How we created a Medium-like blurry background effect
At Fyle, we focus on providing intuitive, pixel-perfect user interfaces that are also scalable and efficient behind the scenes.
Our team puts in their heart and soul to keep the Fyle website updated with regular testing sessions, weekly deploys, and performance upgrades.
In this post, we’ll explore a technique that we employed to create a fast, progressively-enhanced background image for our landing page, fylehq.com.
The Problem
Our homepage has a beautiful overlaying white text on a full-screen background image. The problem occurs when someone views this same beautiful landing page on a slow internet connection
What you would observe is the line, "Improved financial productivity, cost savings, happy employees," is hidden while the image loaded. White text on a white container won’t be visible, right?

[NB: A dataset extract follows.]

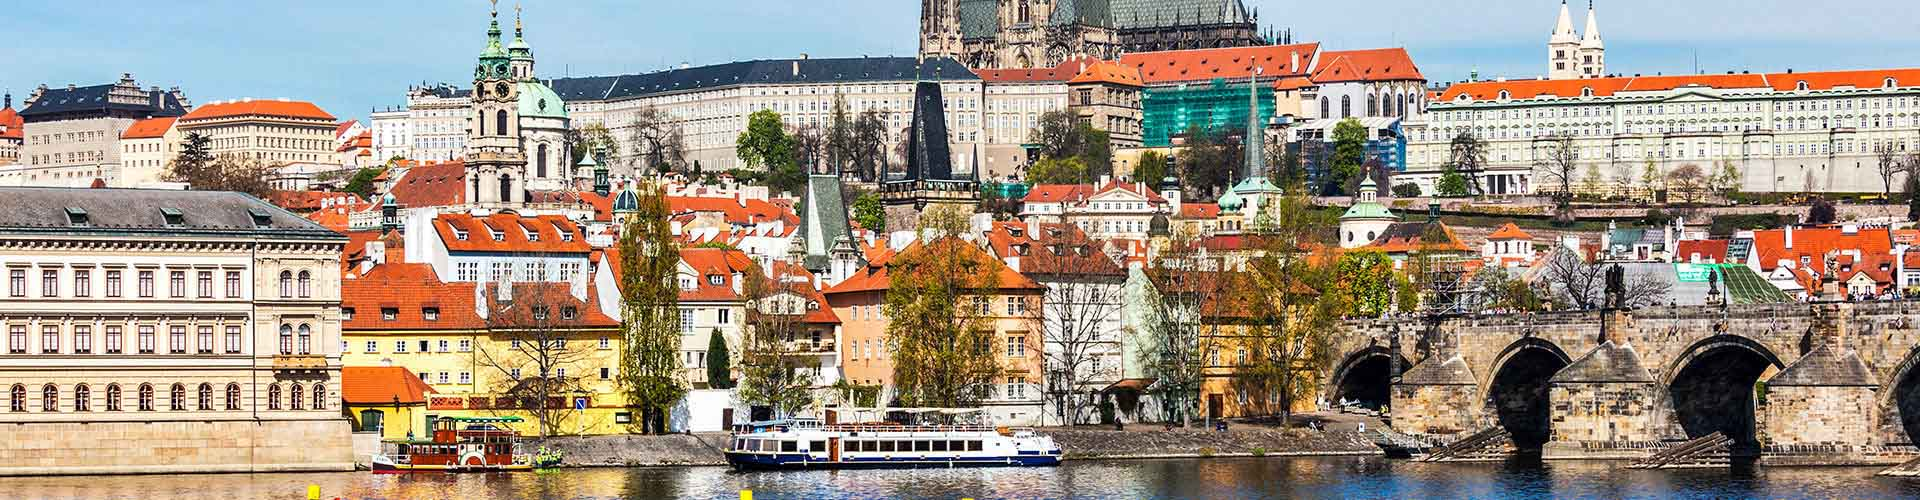 Praga - Albergues cerca a Catedral de San Vito. Mapas de Praga, Fotos y Comentarios para cada Albergue en Praga.

Our problem was due to the large-sized background image we used. It resulted in the site document (DOM) loading faster than the image. On a slow 3G connection, our background image would take longer to load, and users could see parts of the image loading bit-by-bit. This posed a threat to increasing bounce rates on our website.
One of the hardest tasks for any web developer is to create a site that balances looks and performance. In an optimization battle, user experience should always be the winner against performance. This implies that replacing the existing background image with a low-resolution version is not going to be a smart move.
Why did these problems matter?
Landing pages are a crucial component of online marketing campaigns, specially designed to generate sales or capture leads. These pages are often the primary destination for paid online marketing campaigns.
Slow load time can critically affect the conversion of visitors to readers/users. Slow pages are also incredibly frustrating to work with and can severely affect business.
What did we do?
We learned that while it may be tempting to pepper your website with beautiful, high-resolution images, it can significantly detract from your website's effectiveness.
Thus, we came up with something so that users would not have to see a jigsaw puzzle render bit-by-bit in front of them. We served a highly compressed image at first and then switched it with a larger one once it rendered. This is what we call "Low-Quality Image Placeholders" (LQIP).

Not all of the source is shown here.